What needs to be done:
Below are some entries. Transcribe the lines from the one holding "周一热门中概股涨跌不一 中国铝业涨超13% 蔚来跌超6%" to the one holding "Pompier : un", inclusive, but not the pictures among them.

Data in this exercise:
··········

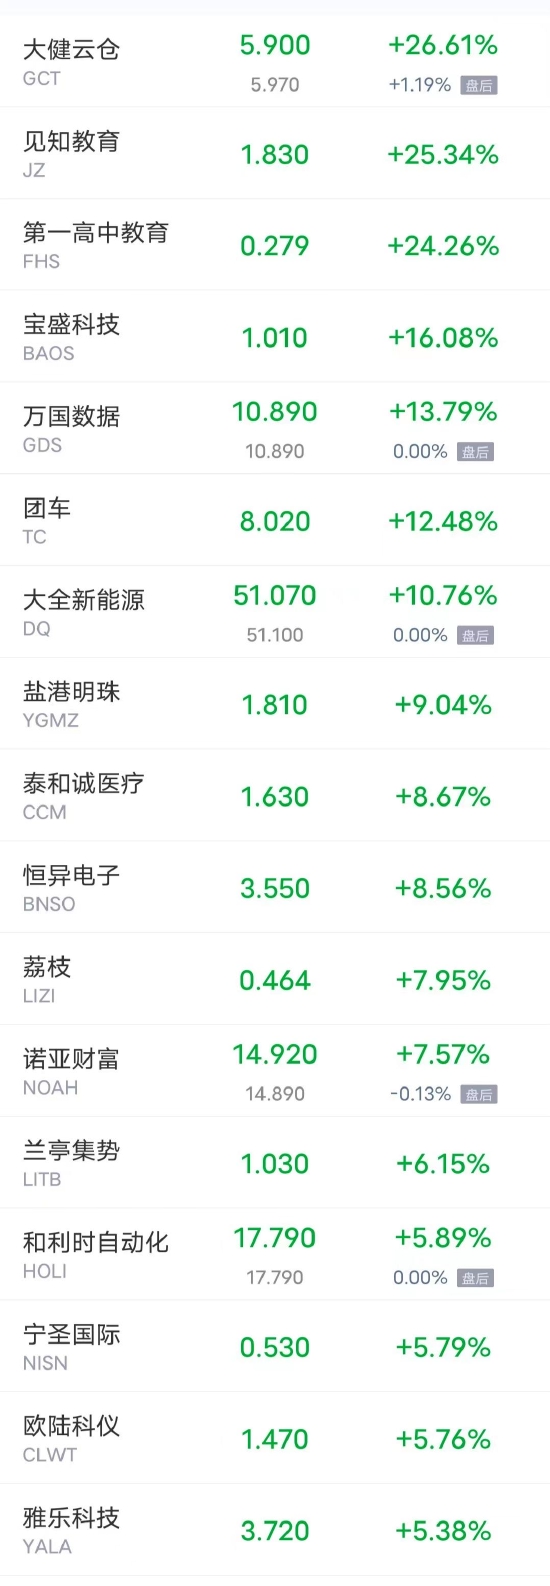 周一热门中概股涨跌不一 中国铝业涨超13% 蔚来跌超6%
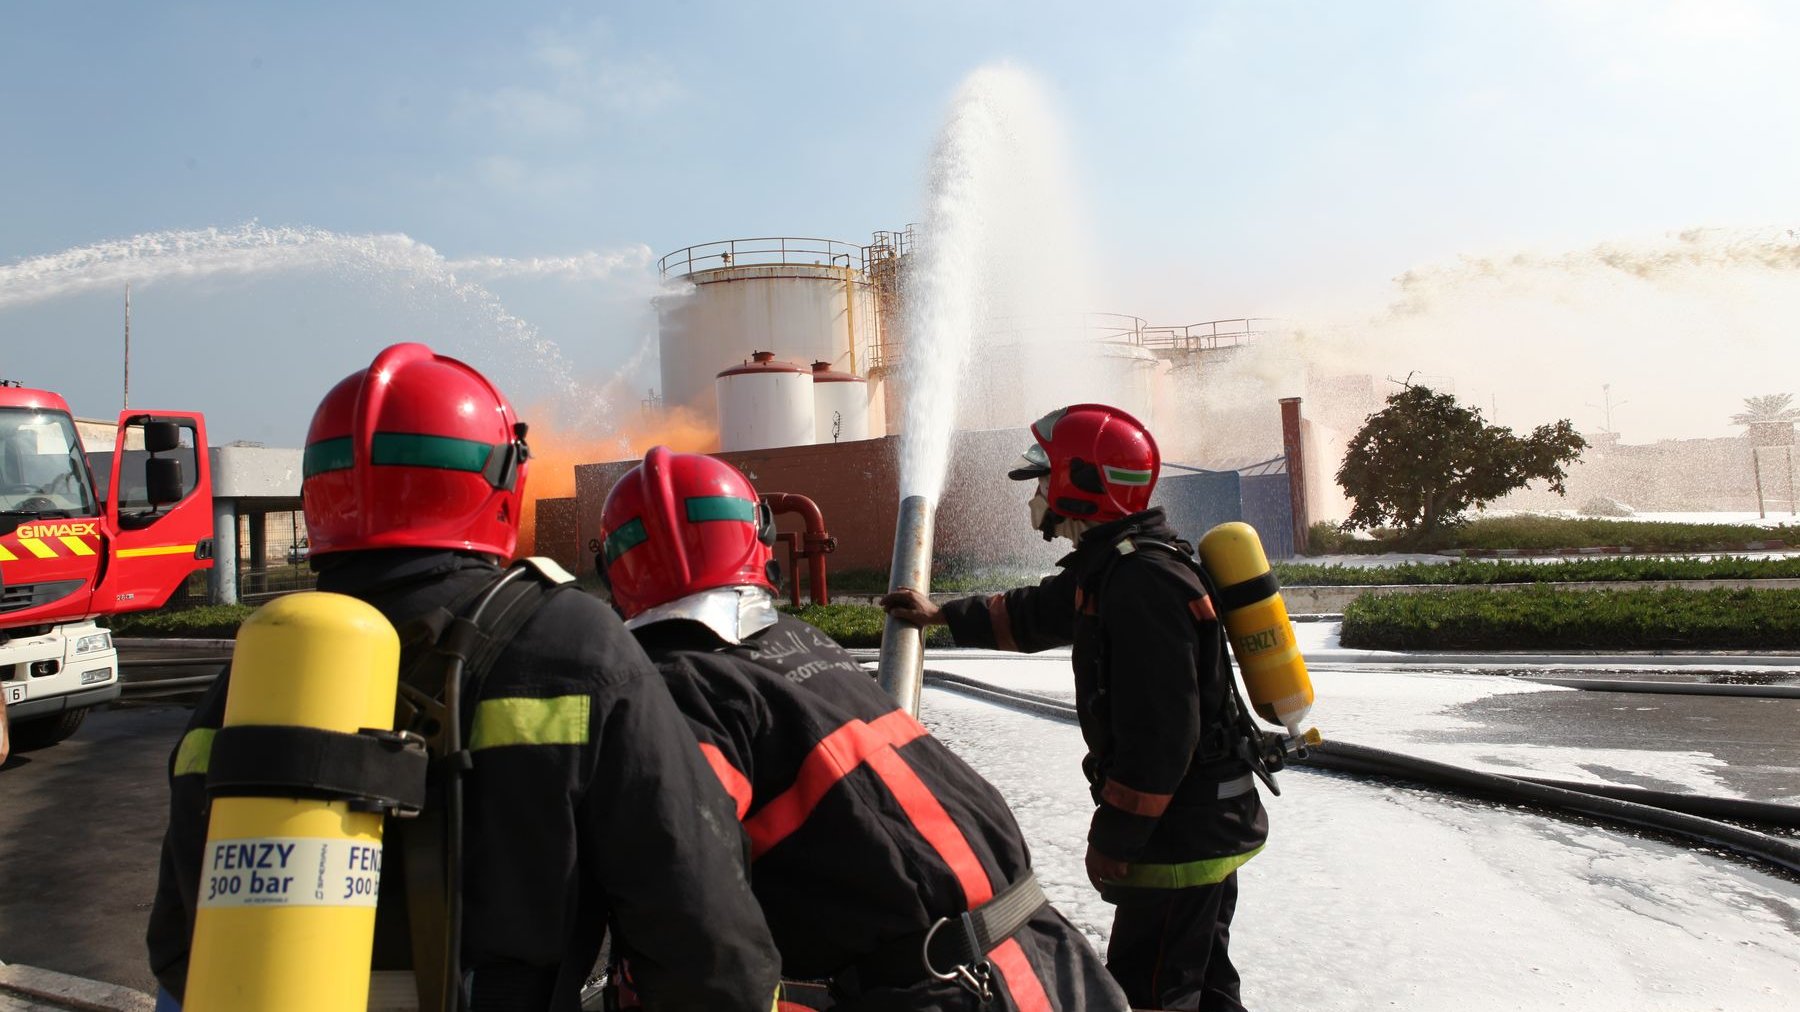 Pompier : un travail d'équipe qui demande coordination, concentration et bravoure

··········

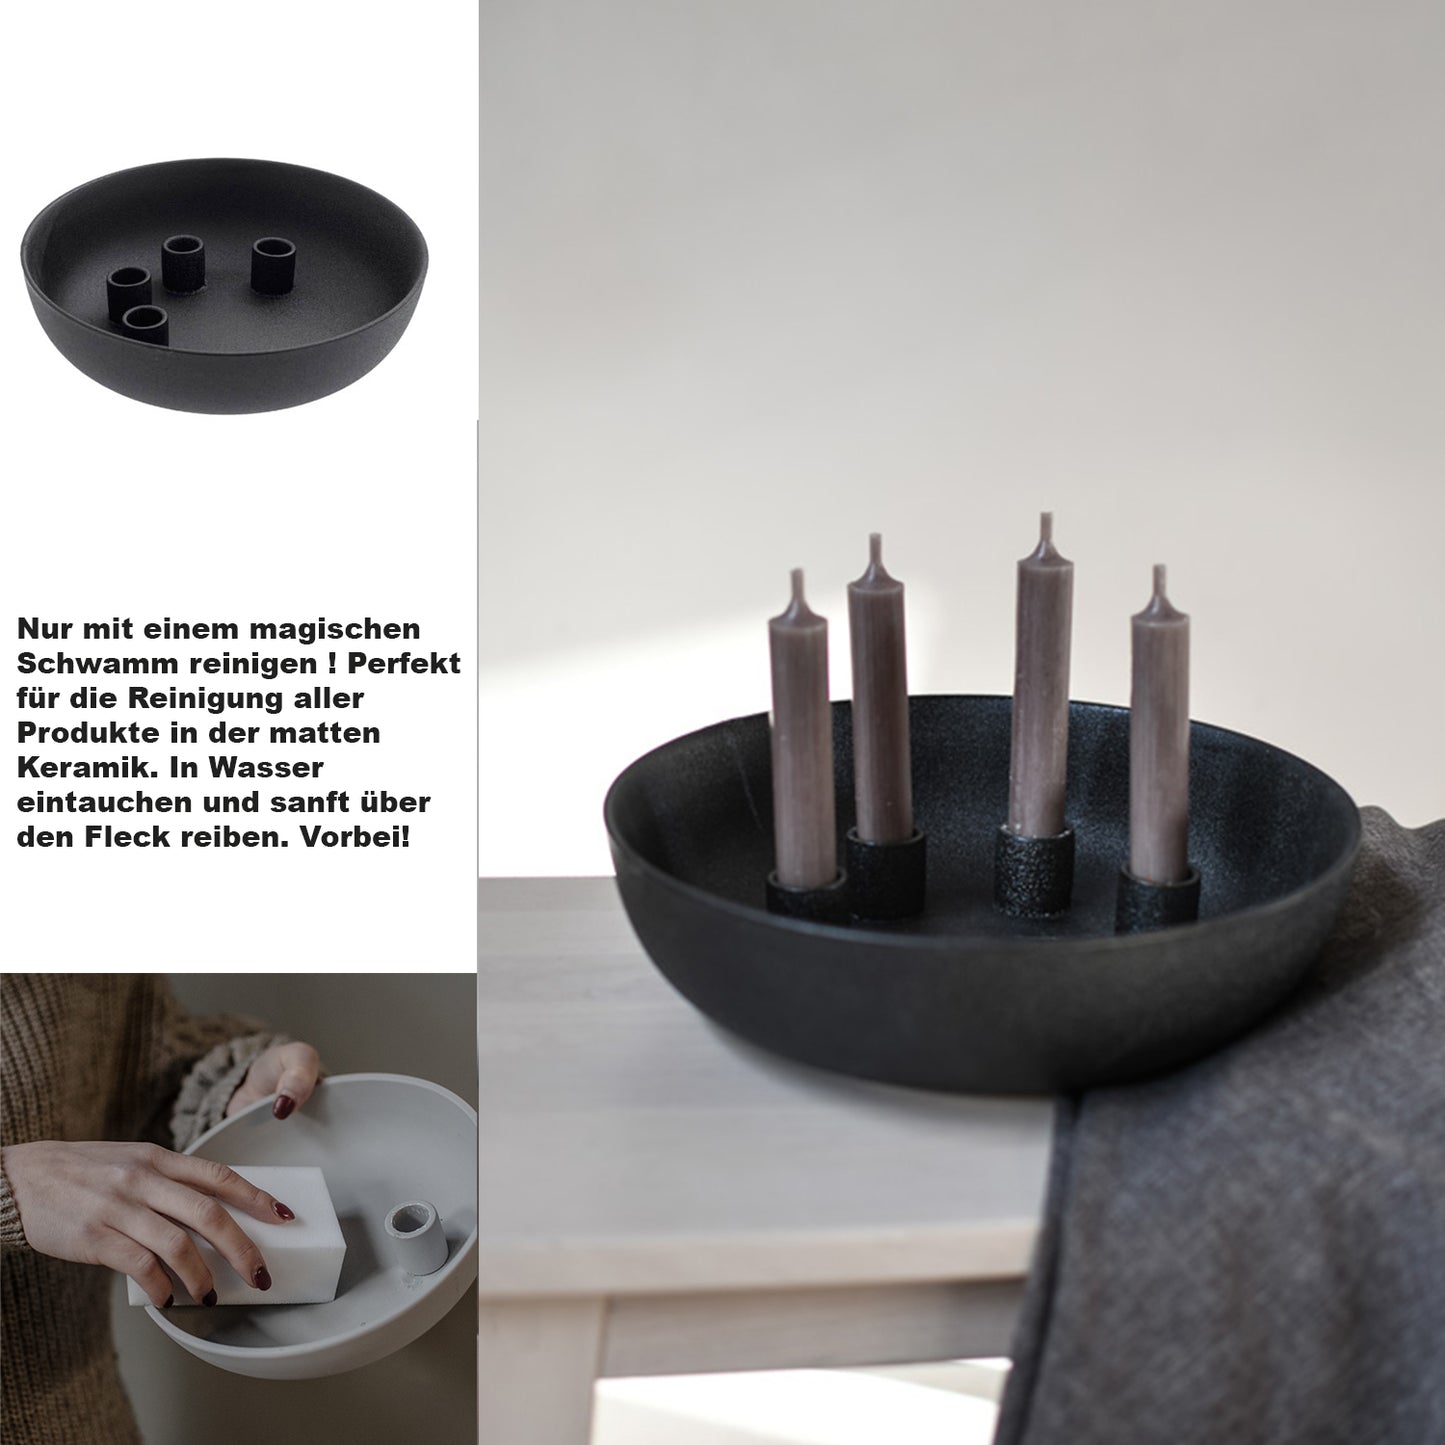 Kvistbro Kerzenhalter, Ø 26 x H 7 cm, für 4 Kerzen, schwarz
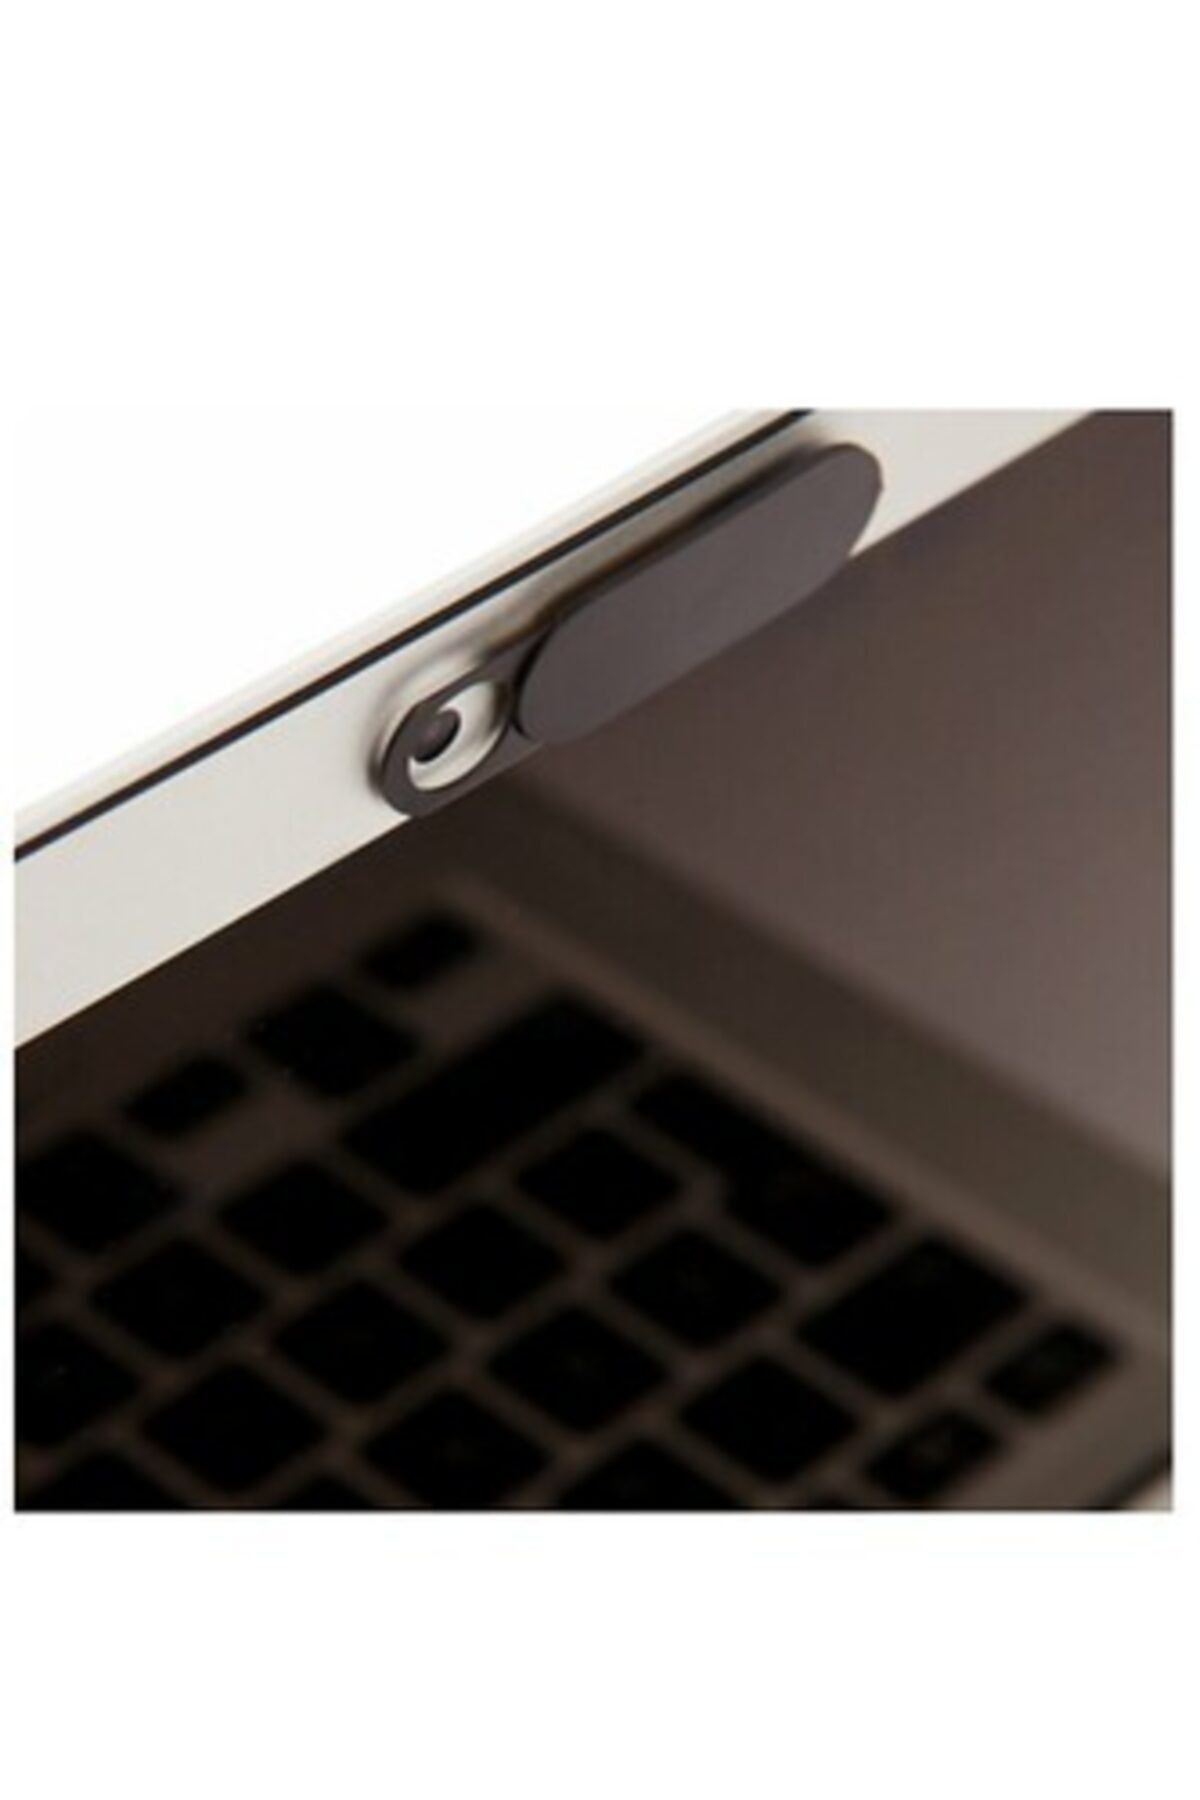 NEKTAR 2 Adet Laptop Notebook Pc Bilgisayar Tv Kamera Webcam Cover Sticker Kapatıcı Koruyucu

··········

Output:
 周一热门中概股涨跌不一 中国铝业涨超13% 蔚来跌超6%
 Pompier : un travail d'équipe qui demande coordination, concentration et bravoure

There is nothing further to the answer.